Cosa hai imparato sul calcio osservandolo da cronista che non avresti mai immaginato da tifosa o spettatrice?
R: «Da cronista ho capito che non sempre la verità sta nei novanta minuti. A volte, quello che succede fuori dal campo racconta molto di più. Sono tanti i dettagli che sfuggono allo sguardo di un tifoso. Dagli spalti ti disinteressi del racconto, vivi solo ed esclusivamente di passione e sentimento. Da cronista, ho capito che per raccontare devi riuscire a stare in quella zona d’ombra tra il visibile e ciò che si intuisce. E’ fondamentale, per poter andare oltre».

Qual è la critica che ti ha ferita di più nel lavoro e che col tempo sei riuscita a trasformare in un punto di forza?
R: «La critica che mi ha ferita di più non riguardava un errore professionale, ma qualcosa di molto più personale: il mio aspetto. All’inizio, soprattutto quando lavoravo sul campo, ho sentito frasi che riducevano il mio lavoro a una questione di immagine. Col tempo, però, ho capito che l’essere piacenti non è una colpa, né un limite. L’importante è non permettere che diventi l’unica cosa per cui vieni ascoltata. Ho imparato a non dover dimostrare nulla, ma a lasciare che fosse il lavoro, la costanza, la preparazione a parlare».

Se potessi riscrivere un tuo articolo come fosse un racconto breve o un pezzo di narrativa, quale sceglieresti e come cambierebbe il tono?
R: «Ah, facile. Riscriverei l’articolo di quando la Lazio Primavera finì per la prima volta nella storia in “Serie B”. Il mio direttore dell’epoca, approvò e pubblicò il pezzo con entusiasmo. Io, tutta fiera, pronta a incorniciarlo. L’articolo era basato su dati oggettivi, concreti e comprovati. A qualcuno però, decisamente non piacque. Quell’articolo mi creò dei problemi. Oggi lo riscriverei col tono di chi sa di avere ragione, ma che non ha più bisogno di chiedere il permesso per dirlo. Mi toglierei i guanti bianchi: la verità con i toni giusti non è mai sbagliata».

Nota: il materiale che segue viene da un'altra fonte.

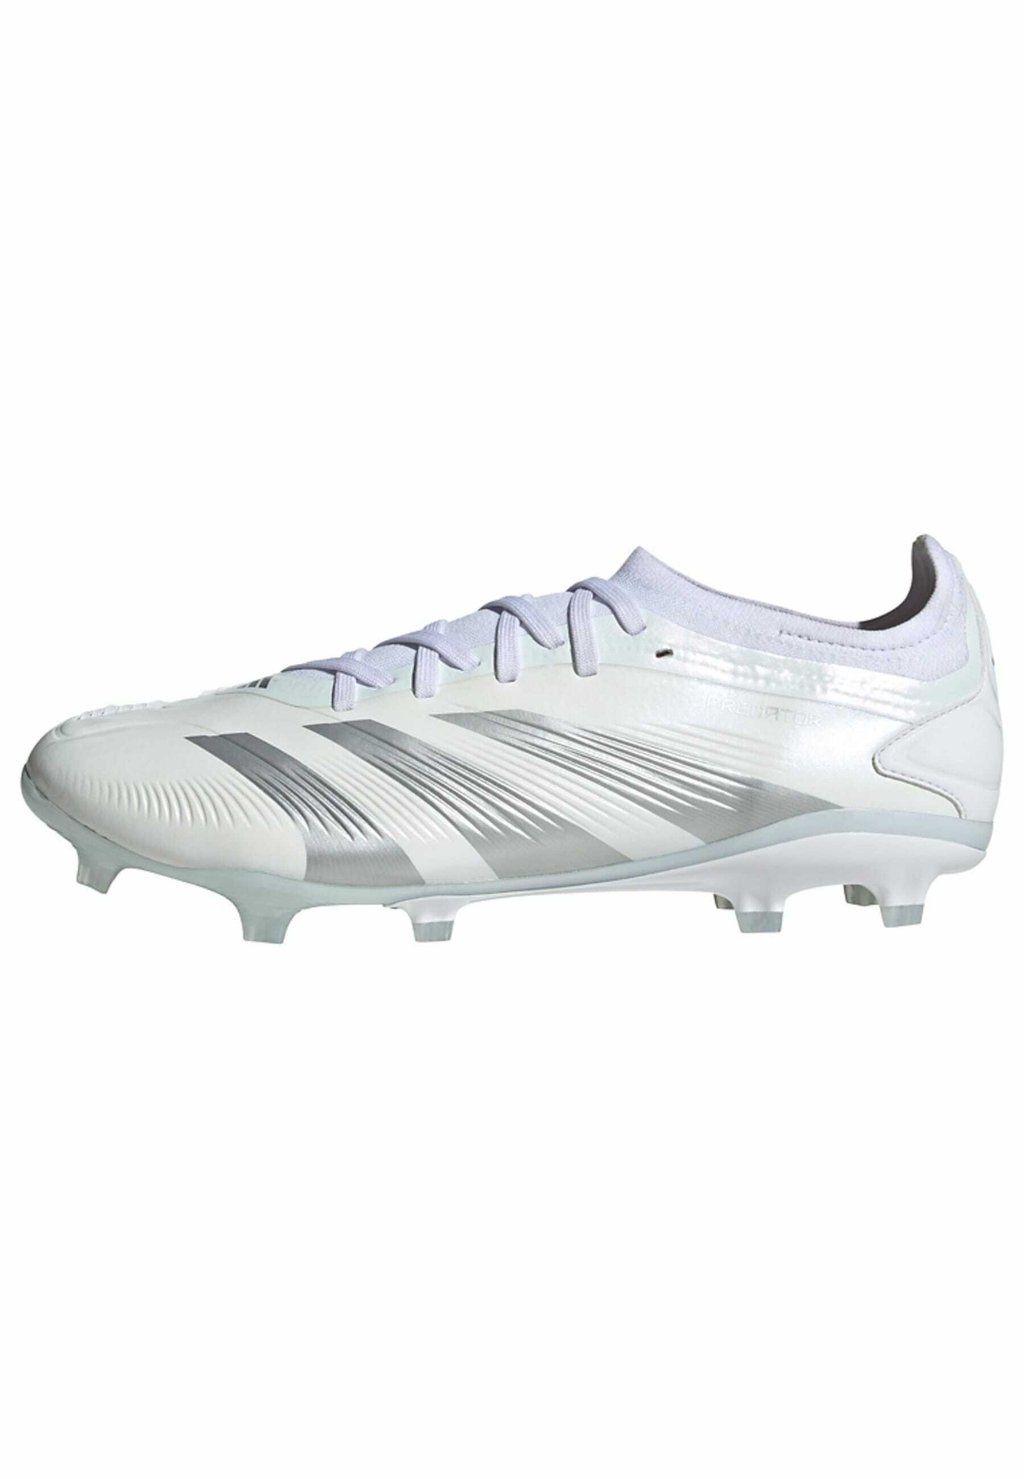 футбольные бутсы с шипами Predator Pro Fg Adidas, цвет cloud white silver metallic cloud white 8008 cloud edition deskphone

Qual è stata la tua vittoria personale più grande come giornalista, quella che non si può misurare con titoli o ascolti?
R: «Deve ancora arrivare. Non perché non ci siano stati momenti importanti o soddisfazioni personali. Ma quella vera, quella che senti addosso come una conquista profonda e duratura, credo sia ancora sulla strada. Forse sarà un’intervista che farà davvero la differenza per qualcuno. O forse solo per me. La mia vittoria più grande sarà quando riuscirò a raccontare qualcosa che non cerca applausi, ma lascia un segno. E finché non succede, continuerò a lavorarci».

Immagina di avere davanti uno studente di giornalismo: quale partita useresti come “lezione magistrale” per insegnargli a raccontare lo sport?
R: «Userei una partita in cui non è successo assolutamente niente. Uno 0-0 senza emozioni, senza occasioni clamorose, senza nemmeno una polemica su cui appoggiarsi. Il tipo di gara che, da spettatore, ti fa pensare: “Perché l’ho guardata?”. Il giornalismo sportivo è saper raccontare qualcosa anche quando non succede niente. E’ lì che capisci se hai davvero qualcosa da dire».

C’è un progetto o un sogno professionale che non hai mai detto a nessuno e che ti piacerebbe realizzare nei prossimi anni?
R: «n realtà, non ho un progetto o un sogno “segreto” in senso stretto. Più che altro, ho una voglia costante di crescere. Voglio migliorare ogni giorno, capire come raccontare meglio le storie. Sono convinta che solo continuando a lavorare con passione e curiosità, qualcosa di nuovo e interessante arriverà. E quando succederà, sarò pronta a coglierlo, senza paura di mettermi in gioco o di uscire dalla mia zona di comfort. Penso che il segreto sia non smettere mai di imparare, di esplorare, di spingersi oltre. Il resto…verrà da sé».